3.6. Fe Concentration in Leachate

The Fe concentration in the leachate, C_Fe (mg/L), was measured in all tests. In the leaching tests with only soil without the spent adsorbent, Fe was detected only in RS and MS (0.10–0.24 mg/L). In the leaching tests with both spent adsorbent and soil, most of the C_Fe values for Ka were slightly over 0.01 mg/L, whereas those for the other soils were significantly below 0.01 mg/L.

4. Discussion

4.1. As Leaching Ratio

In this study, the As leaching ratio, E_AS (%), was calculated as follows:

E_AS = C_AS/(Q_AS × W_SP/V) × 100

(6)

where the additional concentration of the spent adsorbent in the leaching tests was W_SP/V (g/L).

The E_AS values obtained from the above equation are shown in Figure 6 for each spent adsorbent type and initial pH value.

E_AS followed various orders depending on the soil type: MgO < Ca(OH)₂ ≤ CaO < Mg(OH)₂ for Ku and YF; MgO < Mg(OH)₂ < Ca(OH)₂ < CaO for Ka; MgO < Ca(OH)₂ < Mg(OH)₂ < CaO for RS and MS. Although the ease of leaching As from the adsorbent differed depending on soil type, Figure 6 demonstrates that the spent MgO adsorbent had the lowest E_AS value for all soils.

Additionally, overall, the E_AS values shown in Figure 6 are clearly higher than for those containing As(V) reported in a previous study [39]. Therefore, the risk of As leaching in soil is higher for spent adsorbents containing As(III) than for those containing As(V).

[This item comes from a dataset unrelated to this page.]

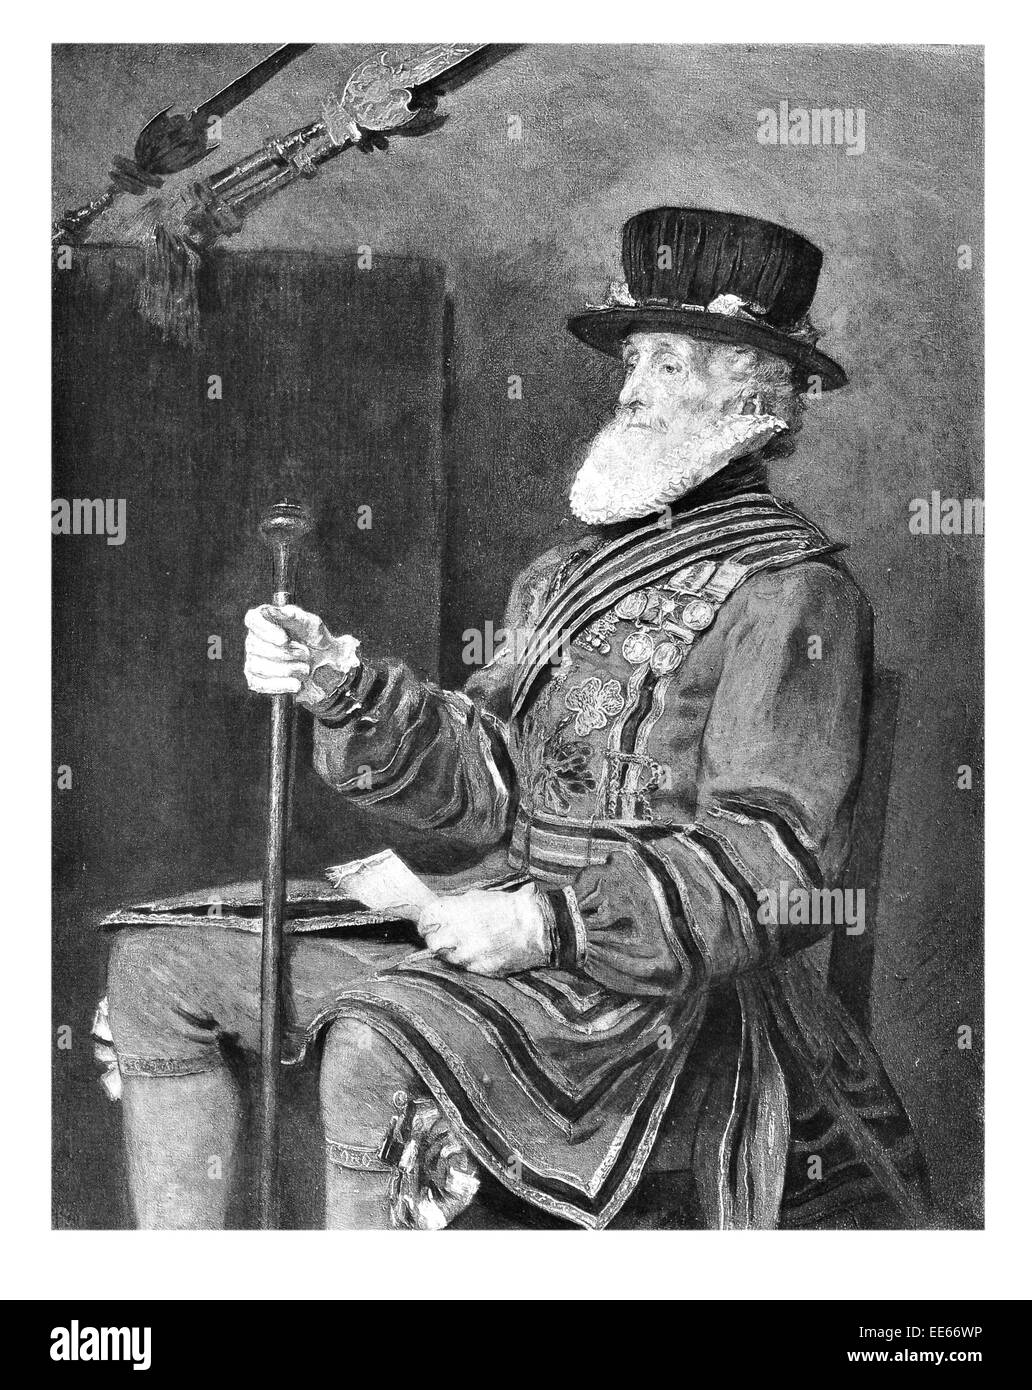 Das Beefeater Sir John Everett Millais Yeoman Of The Guard 1876 Royal Warder Tower von London Körper zeremonielle Wächter Kostüm Stockfoto

From the above results, it can be concluded that the environmental stability of spent adsorbents largely depends on the As valence as well as the type of adsorbent and soil.

4.2. Dissolved Forms of As in Leachate

The As(III) in the spent Mg- and Ca-based adsorbents is presumed to be adsorbed (immobilized) on the solid surface as “Solid-Mg-O-As(OH)₂” and “Solid-Ca-O-As(OH)₂”, respectively [40,41]. In addition, the reactions in which As(III) is desorbed from the adsorbent surface in a neutral or an alkaline solution are expressed by the following equations.

For the Mg-based adsorbents:

Solid-Mg-O-As(OH)₂ + H₂O → Solid-Mg-OH + As(OH)₃

(7)

Solid-Mg-O-As(OH)₂ + OH⁻ → Solid-Mg-OH + As(OH)₂O⁻.

(8)

For the Ca-based adsorbents:

Solid-Ca-O-As(OH)₂ + H₂O → Solid-Ca-OH + As(OH)₃

(9)

Solid-Ca-O-As(OH)₂ + OH⁻ → Solid-Ca-OH + As(OH)₂O⁻.

(10)

The dissolved forms of As(III) leached from the spent adsorbent containing As(III) are represented by the following dissociation reactions for arsenous acid:

H₃AsO₃ ←→ H₂AsO₃⁻ + H⁺

(11)

H₂AsO₃⁻ ←→ HAsO₃²⁻ + H⁺

(12)

HAsO₃²⁻ ←→ AsO₃³⁻ + H⁺

(13)

where the acid dissociation constants of arsenous acid are pK_a1 = 9.1, pK_a2 = 12.1, and pK_a3 = 13.4 (25 °C) [42], and the abundances of the dissolved arsenous acid species are determined by the following:

[H₂AsO₃⁻]/[H₃AsO₃] = 10 exp(pH_f − pK_a1)

(14)

[HAsO₃²⁻]/[H₂AsO₃⁻] = 10 exp(pH_f − pK_a2)

(15)

[AsO₃³⁻]/[HAsO₃²⁻] = 10 exp(pH_f − pK_a3).

(16)

The main dissolved forms in each leachate estimated using the above equations are shown in

Table 3. Dissolved forms of As leached from Mg- and Ca-based adsorbents containing As(III).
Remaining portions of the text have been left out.